Submitted to the test of the German military inquiry these stories are shown to be without foundation. Received from the front and narrated by a soldier who professes to have been an eye witness, they are nevertheless clothed in the public view with special authority. Welcomed without control by the press, the stories recounted in letters from the front appear, however, in the eyes of the readers of a paper clothed with a new authority—that which attaches to printed matter. They lose in the columns of a paper their individual and particular character.... The statements thus obtain a substance and an objectivity of which they would otherwise be devoid. Mixed with authentic news, they are accepted by the public without mistrust. Is not their appearance in the paper a guaranty of accuracy?...
All these pseudo-historical publications are, however, only one aspect of the abundant literary production of the Great War....
So one finds in this literature of the lower classes the principal legendary episodes of which we have studied the origin and followed the development; accommodated to a fiction, woven into a web of intrigue, they have undergone new transformations; they have lost every indication of their source; they are transposed in the new circumstances imagined for them; they have usually been dissociated from the circumstances which individualize them and fix their time and place.
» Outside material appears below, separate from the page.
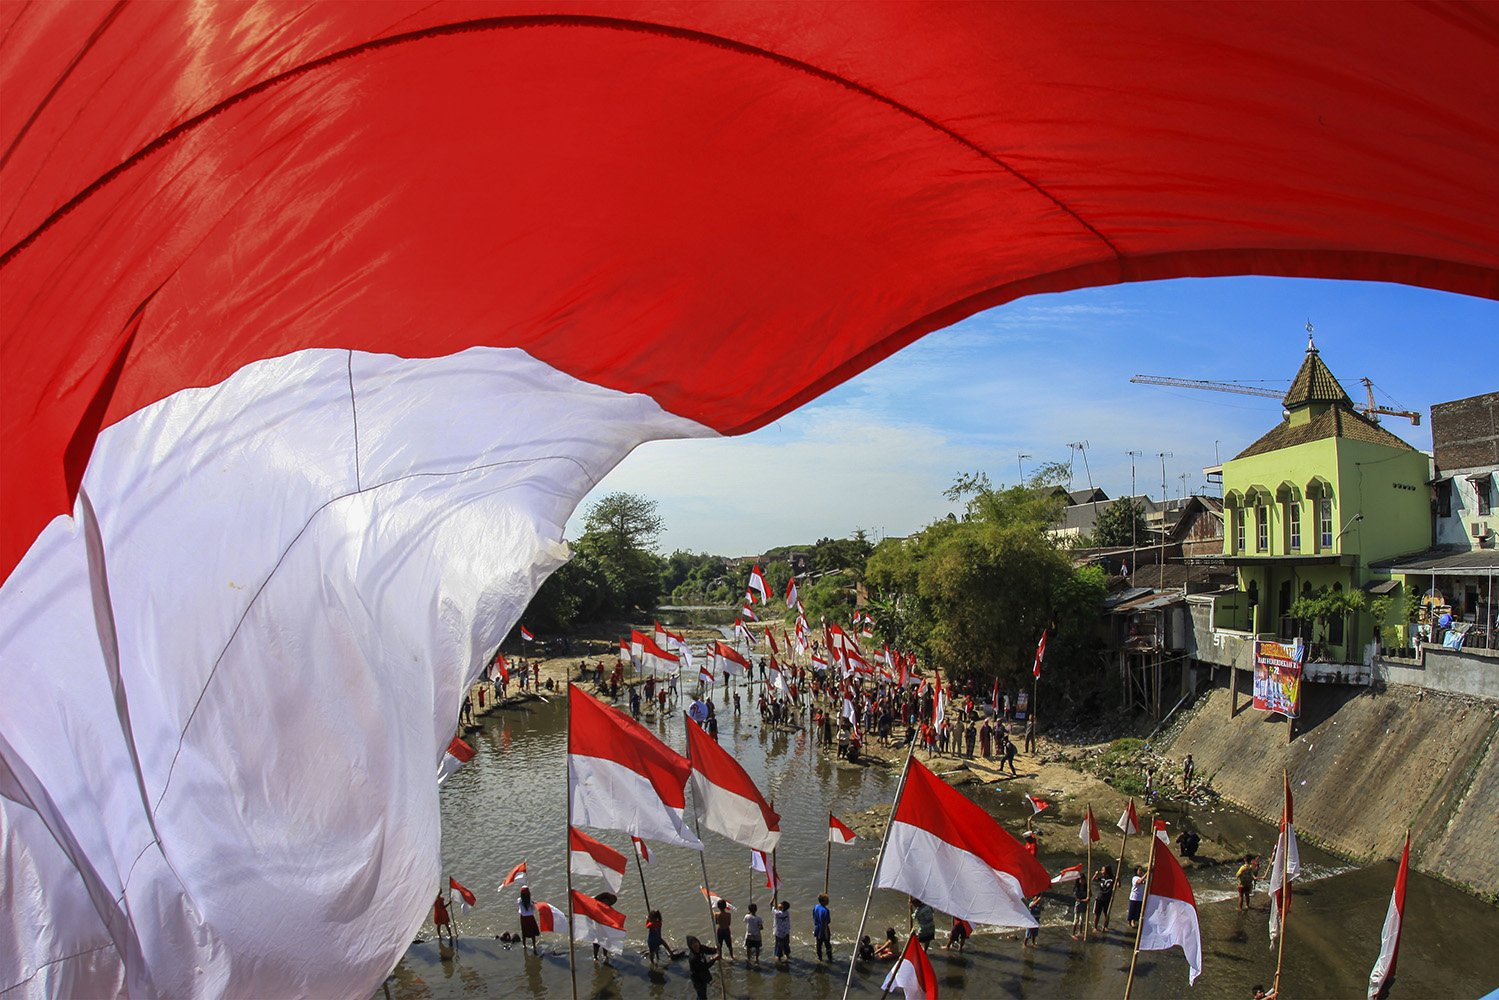 Warga mengikuti upacara bendera di Sungai Kalianyar, Banjarsari, Solo, Jawa Tengah, Kamis (17/8). Kegiatan upacara di sungai tersebut digelar untuk peringatan HUT Ke-72 RI sekaligus sebagai kampanye pelestarian sungai.

The evolution of myths concerning Negroes shows a striking resemblance to these mentioned by von Langenhove. In this category would fall the myths concerning Negro mentality, or the closing of the frontal sutures at the age of fourteen; the "rape myth," or the belief that some character weakness and inordinate sexual virility in Negroes make them rapists by nature; and the "insurrection myth," or the recurrent assertion and belief that Negroes are plotting the downfall of the government. These are general in their acceptance. They illustrate the tendency of authors observed by Langenhove in his study "to incorporate new ideas with the complex old ones and show that they are not surprising and that all earlier facts tend to prove it." The efforts of some recent writers on the Negro question may be noted.